### Source data
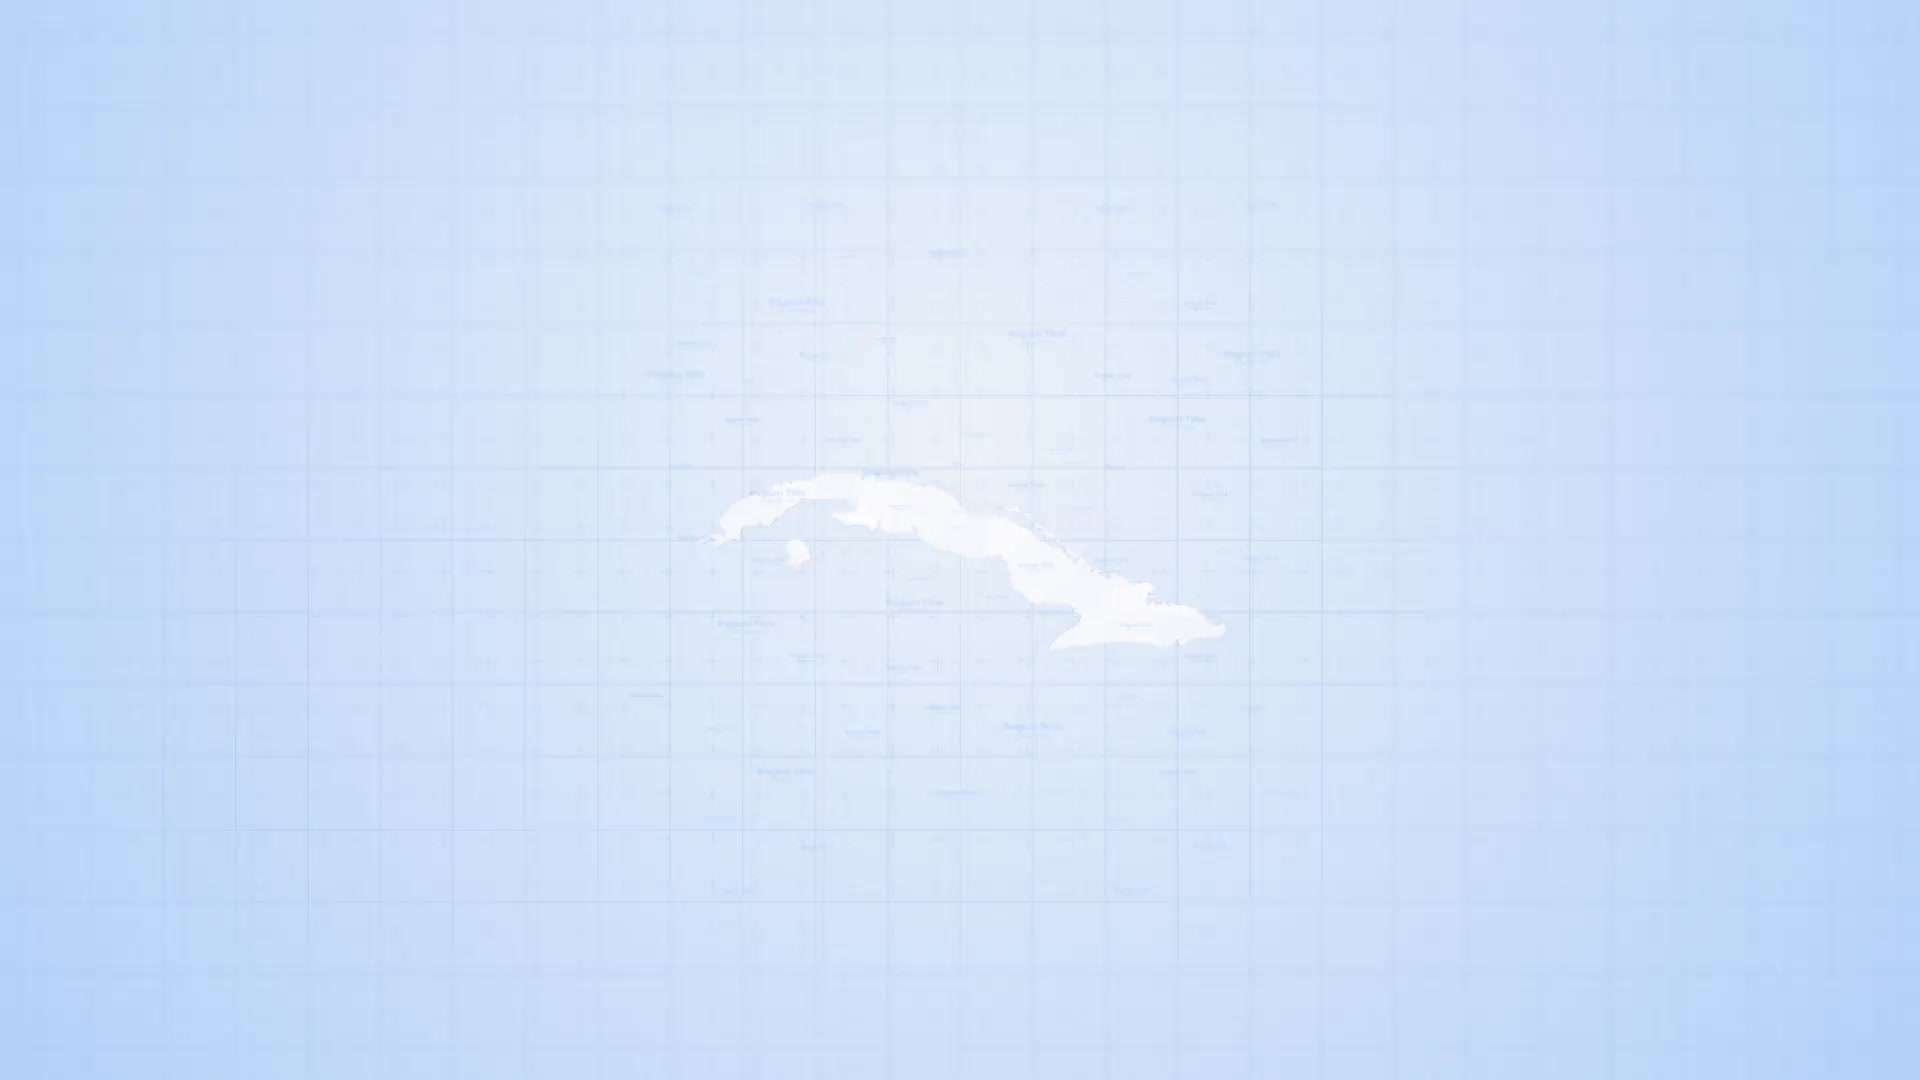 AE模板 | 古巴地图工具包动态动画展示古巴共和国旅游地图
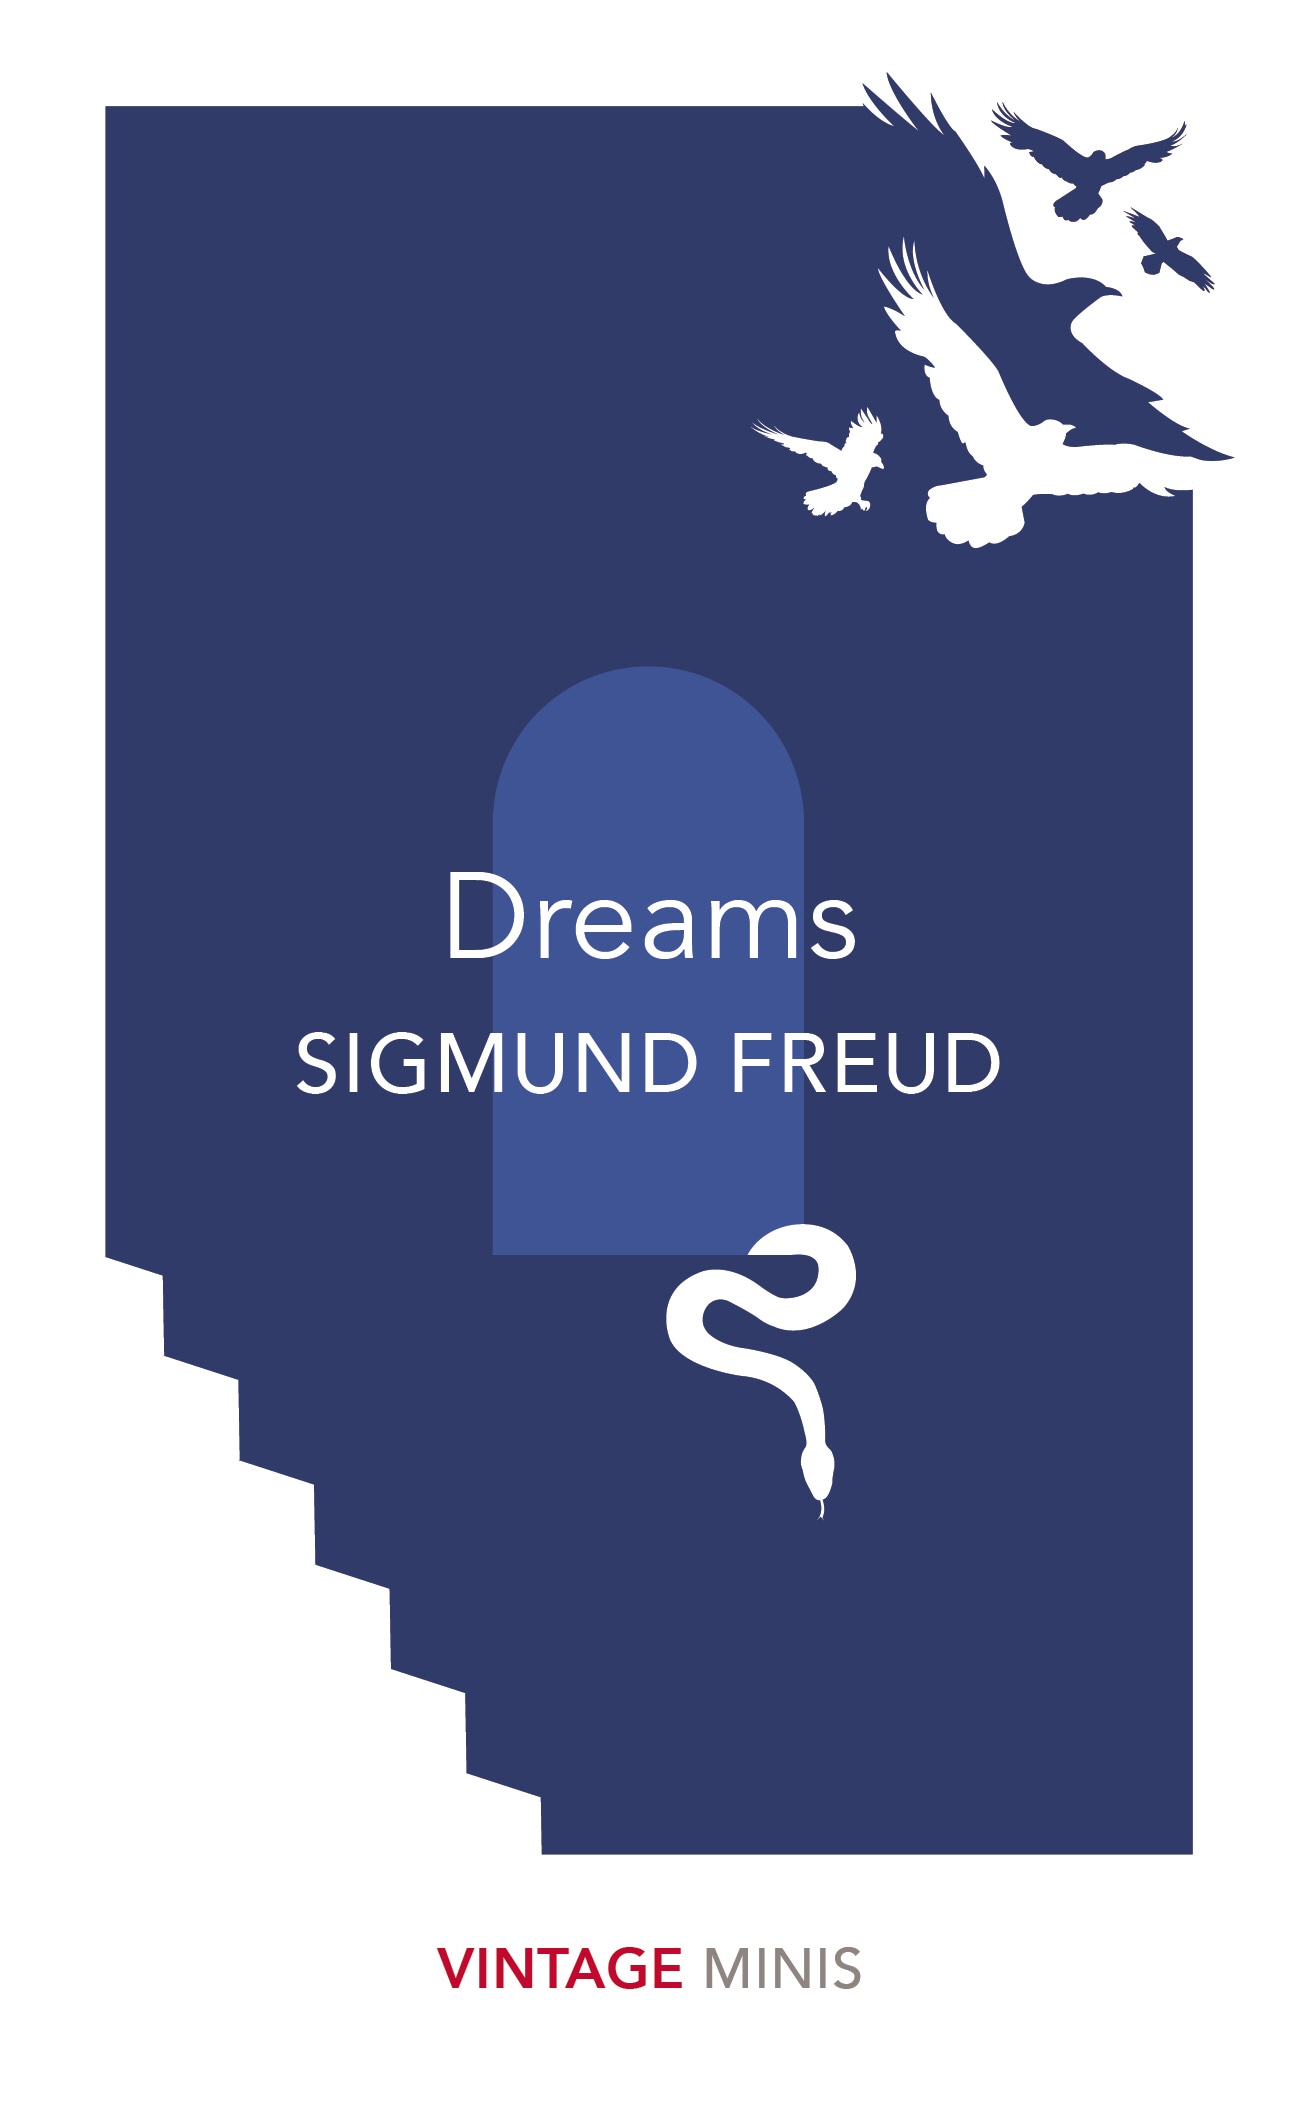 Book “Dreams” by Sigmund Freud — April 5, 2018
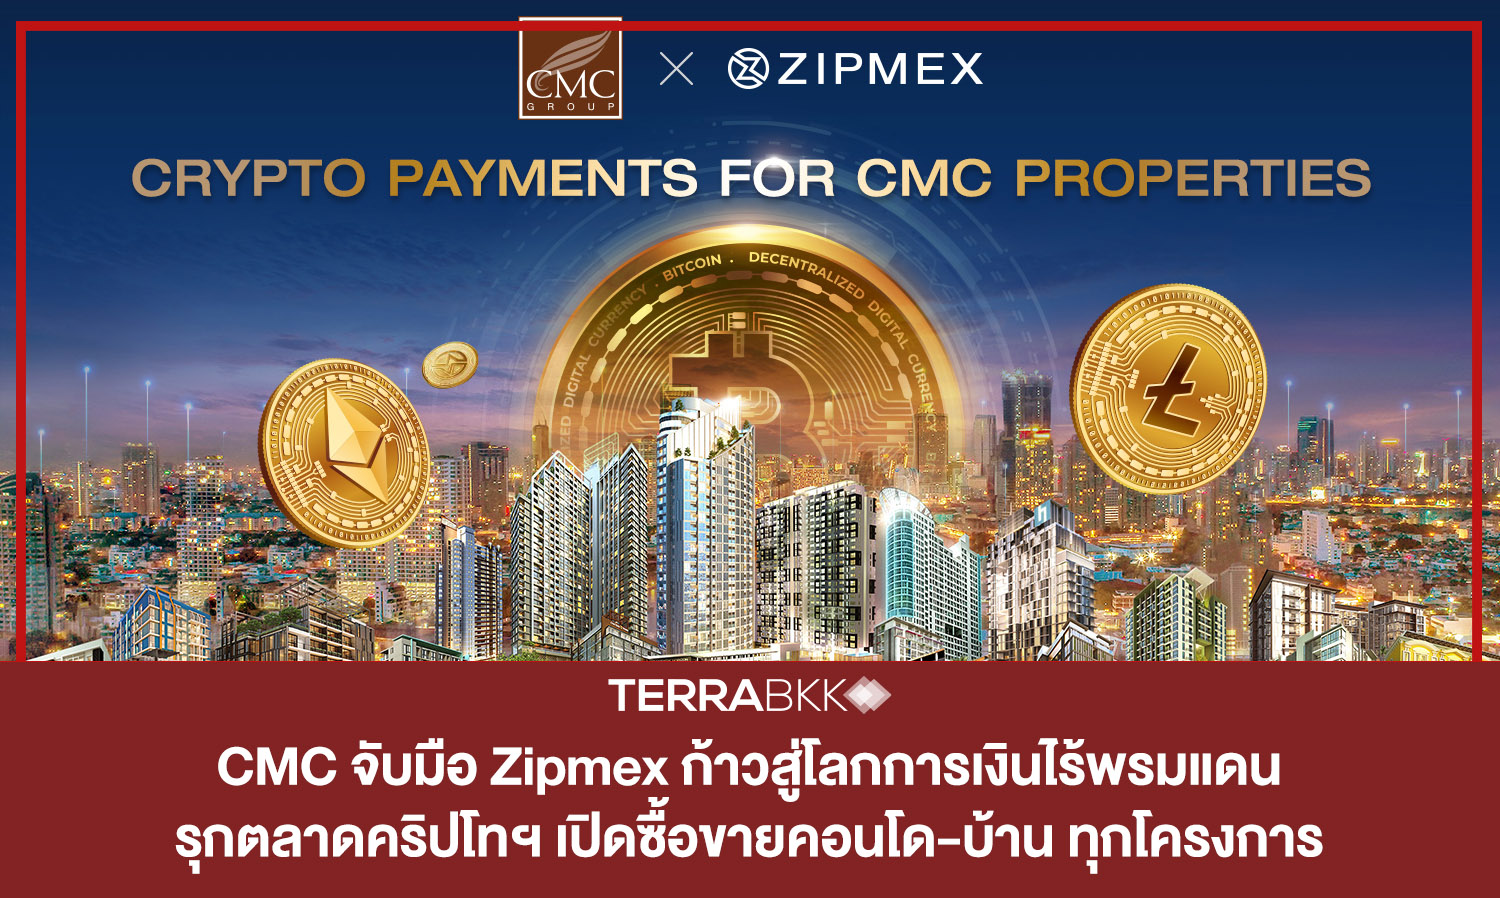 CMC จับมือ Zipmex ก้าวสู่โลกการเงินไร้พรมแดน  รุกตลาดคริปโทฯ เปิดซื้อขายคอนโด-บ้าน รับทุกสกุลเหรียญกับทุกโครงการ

### Work required
From the line containing "April 5, 2018" through the final line of the listing above, reproduce every line exactly, with no pictures.

### Answer section
 Book “Dreams” by Sigmund Freud — April 5, 2018
 CMC จับมือ Zipmex ก้าวสู่โลกการเงินไร้พรมแดน  รุกตลาดคริปโทฯ เปิดซื้อขายคอนโด-บ้าน รับทุกสกุลเหรียญกับทุกโครงการ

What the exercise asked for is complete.